# [What you will do]
Give a verbatim copy of the data, leaving the pictures out.

# [Stored data]
Content starts

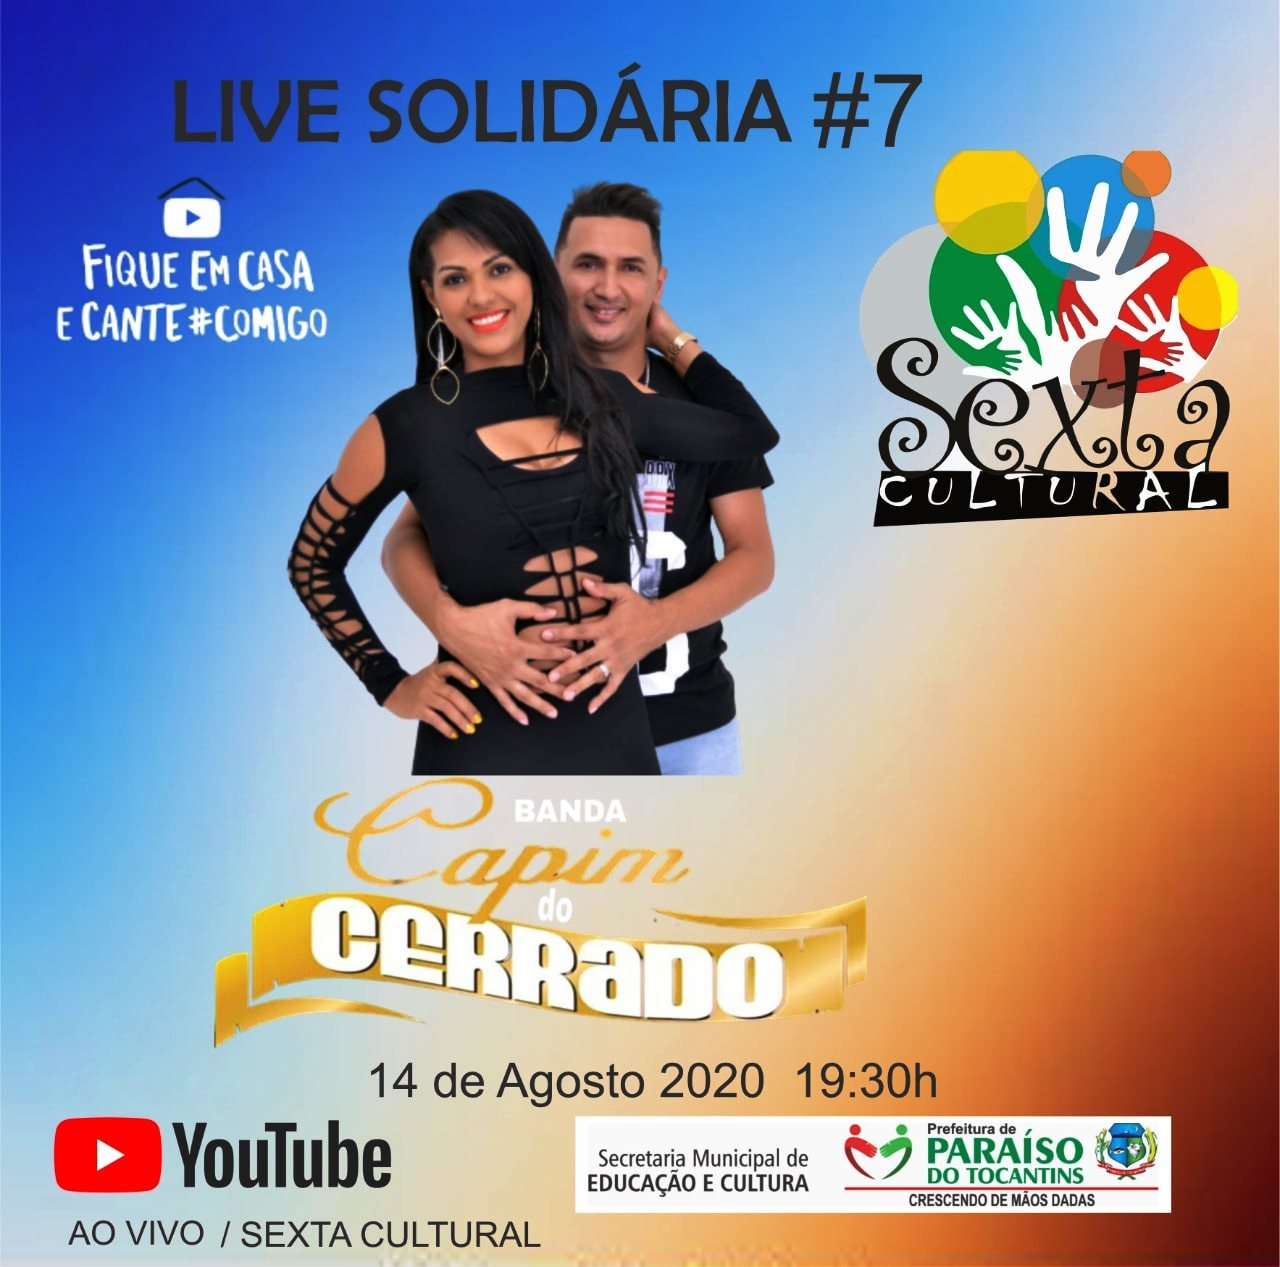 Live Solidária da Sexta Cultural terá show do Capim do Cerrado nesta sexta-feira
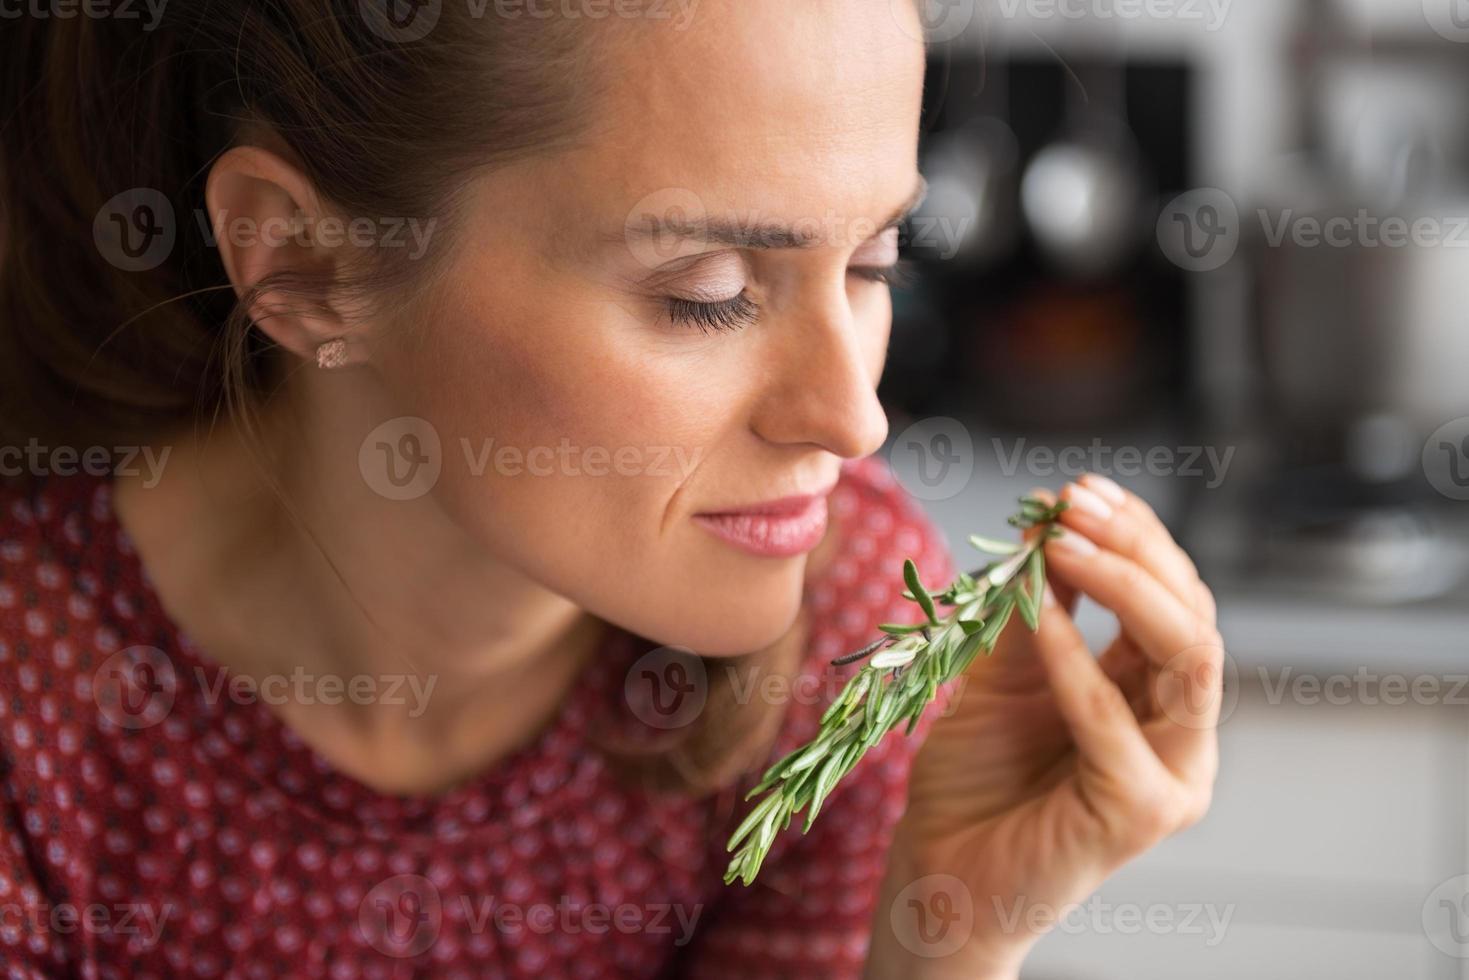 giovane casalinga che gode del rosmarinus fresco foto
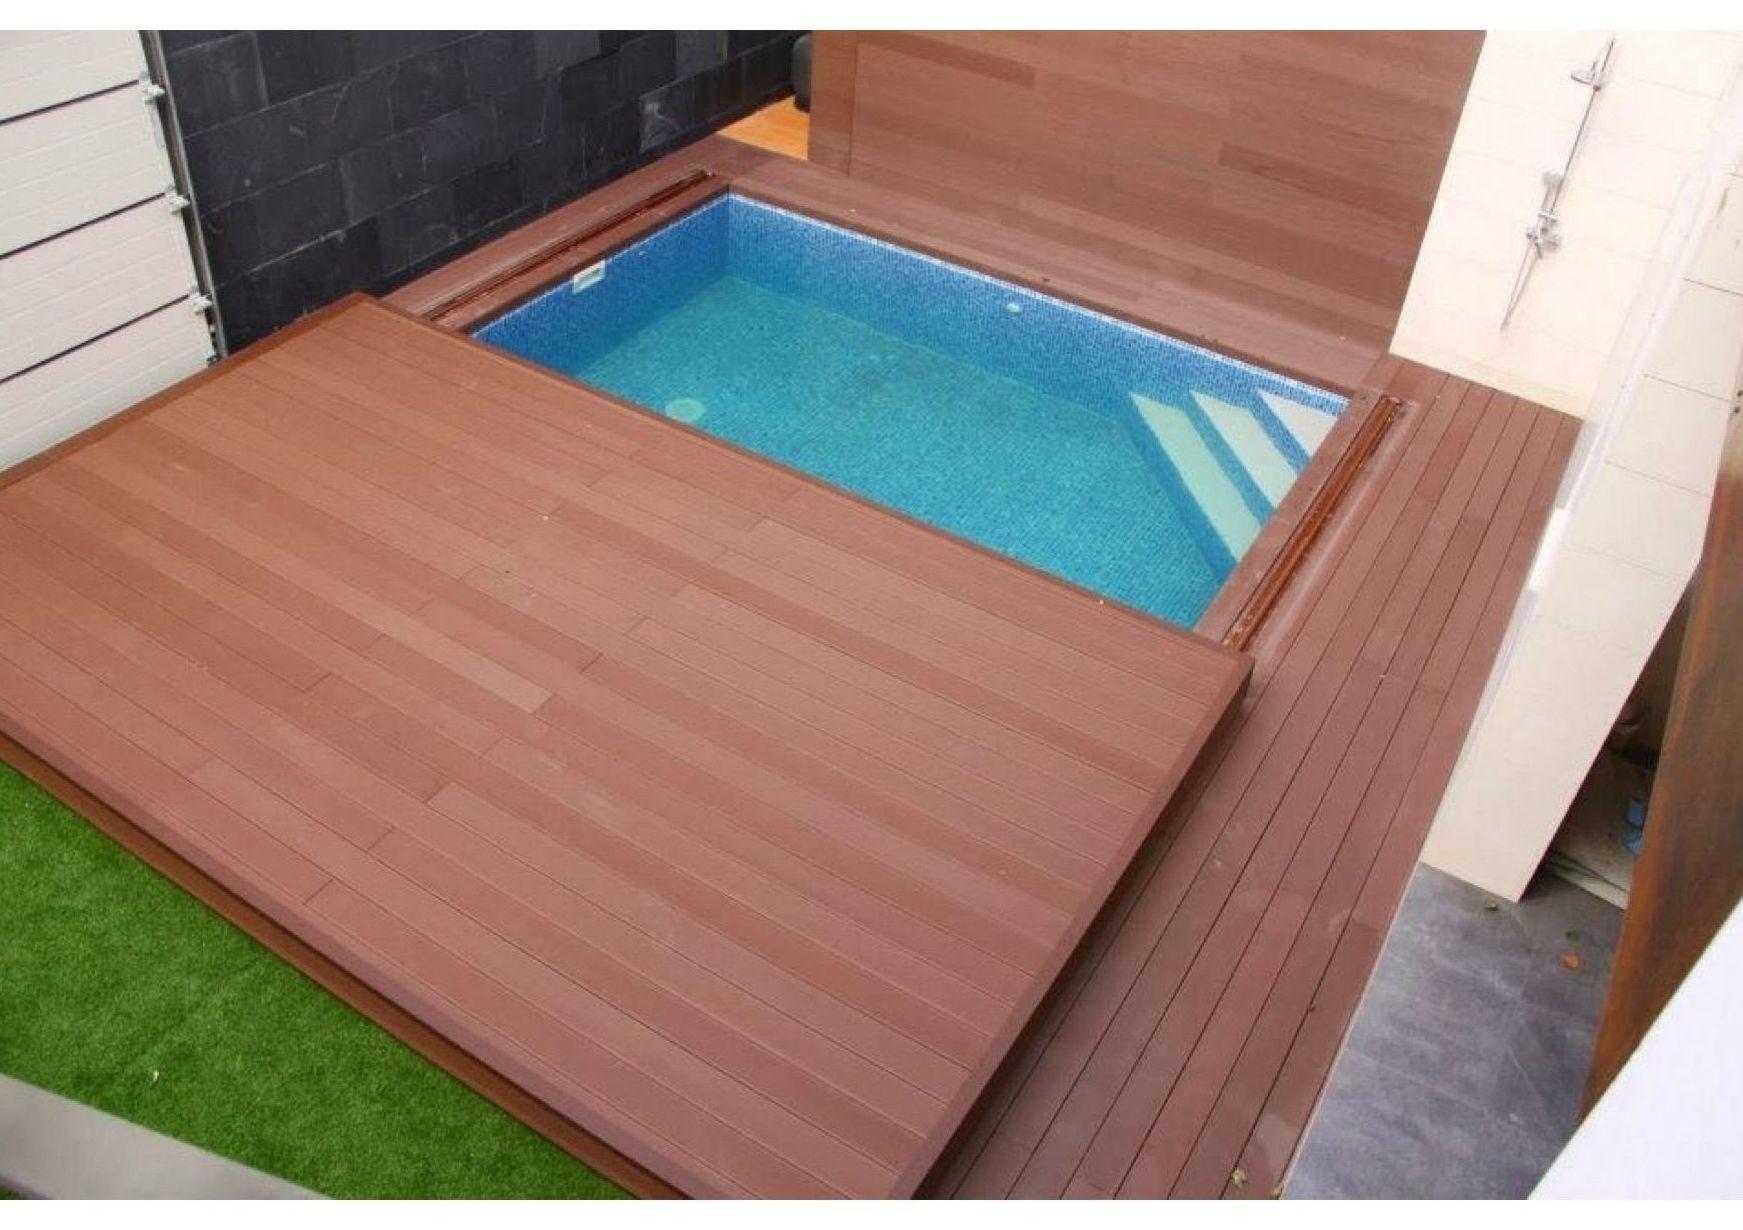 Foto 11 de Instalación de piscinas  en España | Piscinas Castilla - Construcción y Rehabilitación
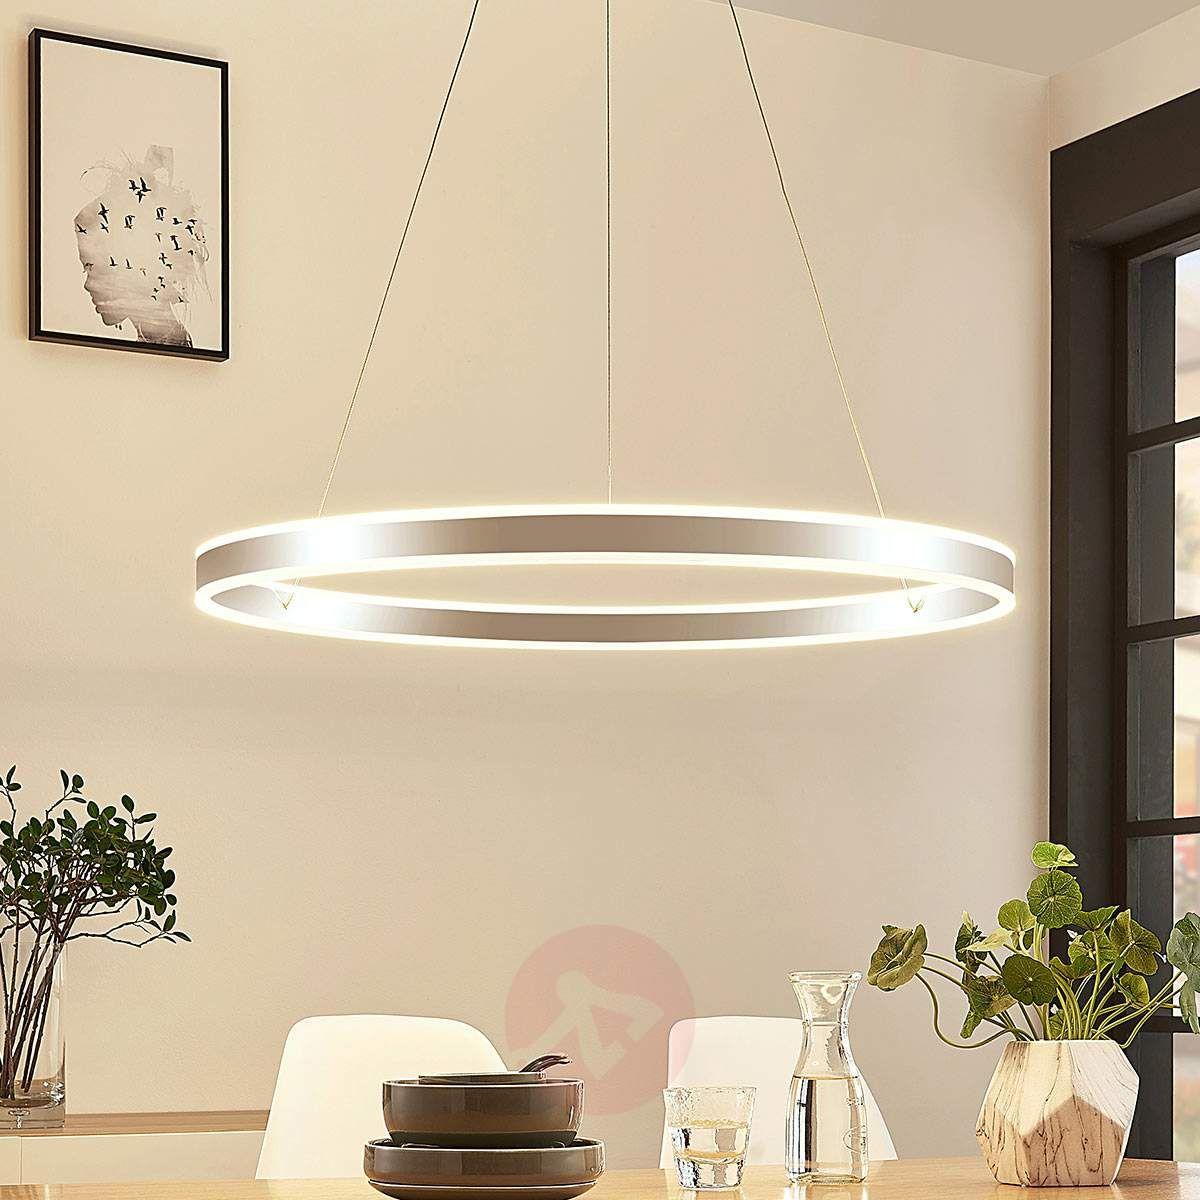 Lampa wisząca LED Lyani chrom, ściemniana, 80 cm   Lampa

Content ends

# [Solution to the problem]
 Live Solidária da Sexta Cultural terá show do Capim do Cerrado nesta sexta-feira
 giovane casalinga che gode del rosmarinus fresco foto
 Foto 11 de Instalación de piscinas  en España | Piscinas Castilla - Construcción y Rehabilitación
 Lampa wisząca LED Lyani chrom, ściemniana, 80 cm   Lampa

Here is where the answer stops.